The setting: Aswan’s ferry port, witness to weekly passenger ferries and occasional cargo barges from and to Wadi Halfa in Sudan, and a suburban hellhole complete with sewage repairs and begging children, site of the Aswan traffic police department.
The actors: various overlanders, both amateurs like us and professional drivers of overland trucks; M., the fixer extraordinaire; K., his slow-witted taxi driver (employed by M. only because his uncle is the head of the customs department); a near-blind customs official and assorted policemen on the hunt for baksheesh.
The mission: to convince Egyptian customs, traffic police and various other unmentioned government agents to release nine cars and trucks from the customs zone of the ferry port so that we can bloody well finish our journey.
The backstory: most of us have been waiting to move on for more than two weeks, variously in Aswan, Wadi Halfa and assorted locations in the Sudanese desert.
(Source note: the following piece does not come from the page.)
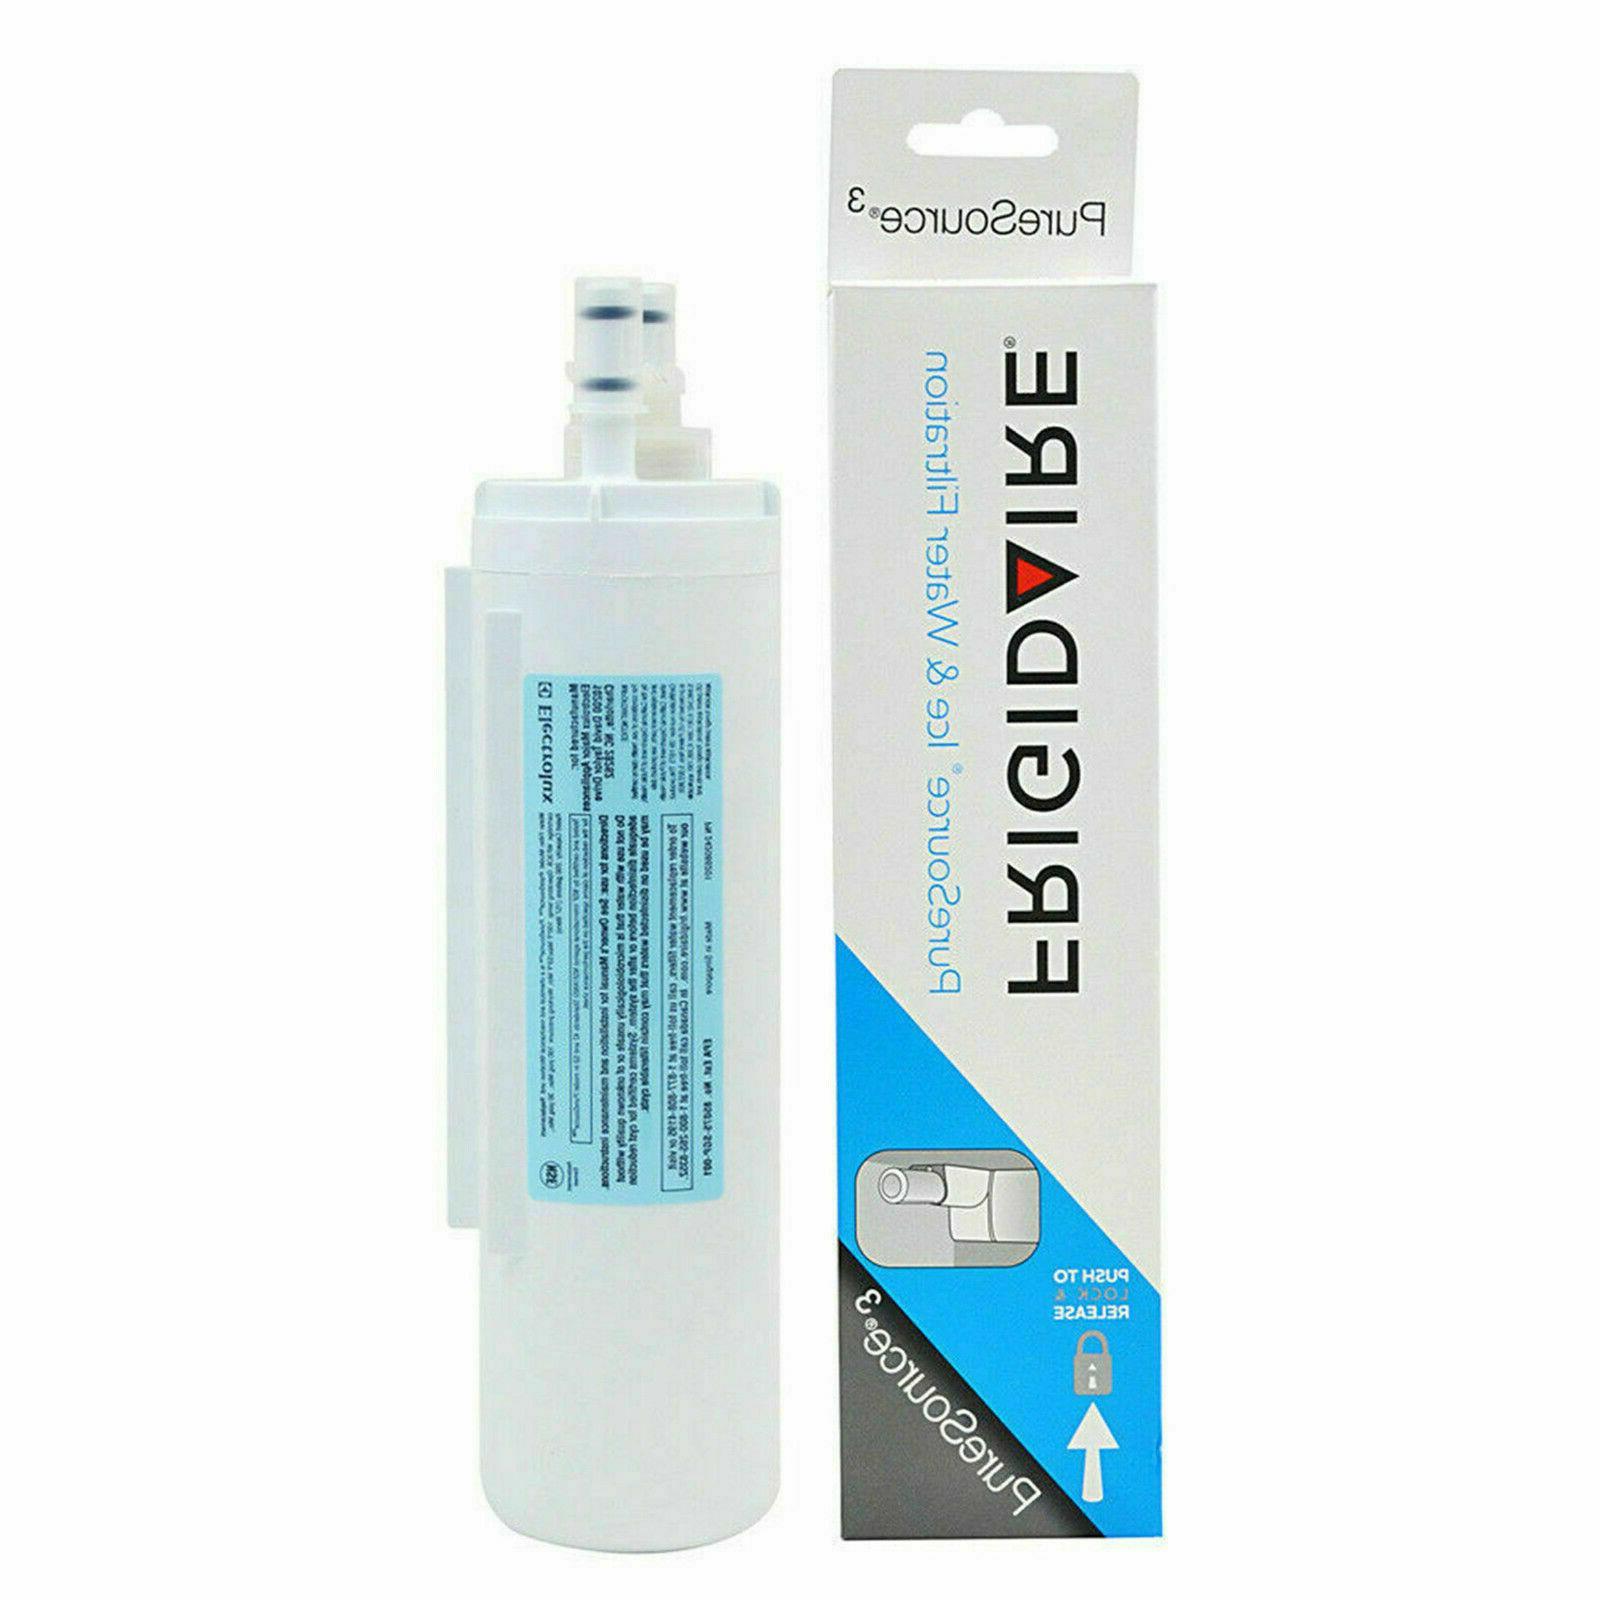 Frigidaire Puresource 3 WF3CB Refrigerator Water Filter

The barge carrying the cars (which runs on a separate schedule from the passenger ferry) was delayed due to Eid, weekends (Fridays) and other unexplained vagaries of Arabic origin. The barge had arrived on Thursday afternoon, complete with five Landrovers, two overland trucks, one MAN truck and a Landcruiser, as well as three dogs. It was now Saturday. Everyone was tense in a different way, everyone wanted to get out of Aswan as soon as possible.
The timeline:
8am - waiting for K. and a second taxi driver to pick us up. Fourteen people sizing each other up at the hotel; I don’t like what I see. Two stroppy Australians and a South African motorbiker who has been heard to call the locals kaffirs. Great.
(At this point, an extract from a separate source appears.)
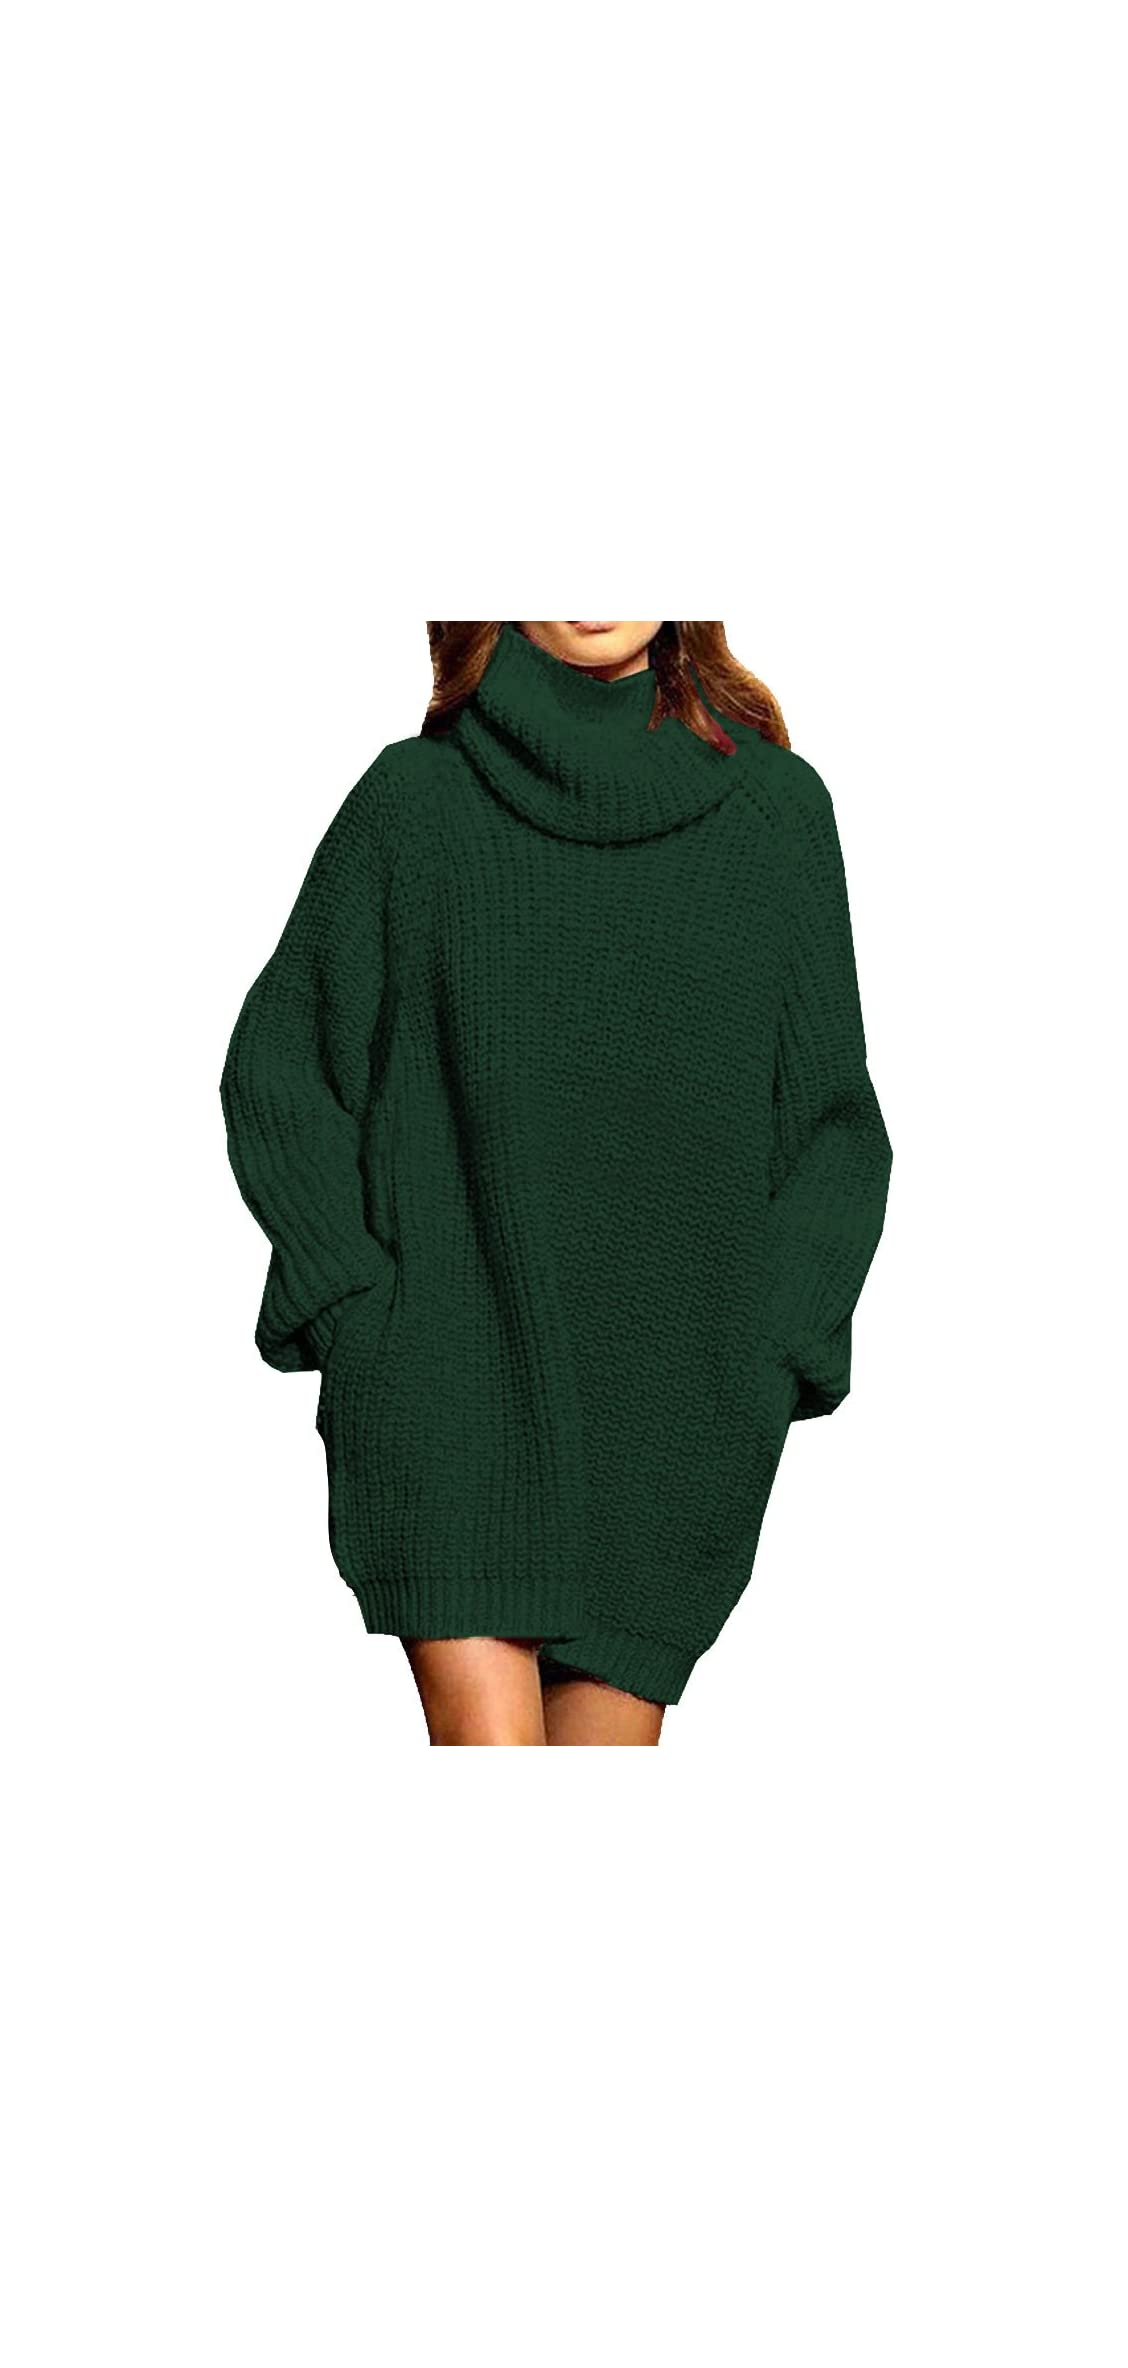 Women's Loose Oversize Turtleneck Wool Long Pullover

8.30 - The taxis arrive. We drive to the police station. K. and two members of the group disappear inside with carnets, passports and money. The rest of us get acquainted while leaning on the bonnets of banged-up taxis (ours has done 750,000 km). The Dragoman driver is reading the Daily Express. She must be homesick.
9.30 - The others re-appear, the grand total of their achievements a collection of blank forms in Arabic. We pile back into the cars and take the bumpy road to the port.
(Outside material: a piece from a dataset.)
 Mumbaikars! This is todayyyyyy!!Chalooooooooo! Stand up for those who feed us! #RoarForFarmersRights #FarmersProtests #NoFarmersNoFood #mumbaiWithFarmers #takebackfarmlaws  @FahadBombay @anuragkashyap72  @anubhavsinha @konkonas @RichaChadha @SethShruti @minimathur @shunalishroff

10am - Arrival at the ferry port. K. takes the first group through to the offices, while we in the second group are left behind to fend off baksheesh attempts by the gate keeper, who is trying to charge us to pick up our cars.
11am - After a series of phone calls to M. and strong words with the various fixers he sends, we are let into the office as well. We spend an eternity watching the near-blind official painstakingly copying driver names, chassis numbers and registrations from the English forms to the Arabic version. This takes two hours for nine carnets, with multiple breaks for tea and smokes.
12.30 - The barge is now available, sort of. M. has managed to convince the crew that just because the normal pier is blocked by the Minister of Agriculture’s boat (he is returning from a visit to Sudan, and seen speeding off in a very shiny black Merc), we should still be able proceed with unloading. So in order to drive the cars off the barge, we have to manhandle the strangely engine-less craft to shore by all together pulling on a rope, while the captain and his crew shouts encouragement. Taking the trucks and cars off takes a grand total of 15 minutes.
1.30pm - We are still waiting in the port car park for something to happen. M. brings tea. Suddenly a customs official appears, spends 2 minutes peering through the door of each car, asking if we have knives (?!?), and vanishes. Silence returns. We haven’t had lunch. In desperation I spend some time cleaning the fridge and kitchen in our Landrover.
2.30pm - A policeman, ferried in by K. for the occasion, takes rubbings of our chassis and engine numbers before demanding payment for overtime. After collecting E£10 per car he is taken back to town by K. and ennui descends one more.
3pm - We are told to come back tomorrow to complete formalities, as the traffic police has gone home. Aargh!
The denouement: Stuart spent all of Sunday at the traffic police to arrange insurance and registration. He was finally allowed to leave, sporting Egyptian number plates, after yet another official tried to extract a bribe for not doing a proper check. Our fixer, to his credit, called his bluff and told him they’d be happy to unpack the cars so he could do a more thorough search. Luckily the official decided he valued knocking off on time more than the money and let them depart at 4pm.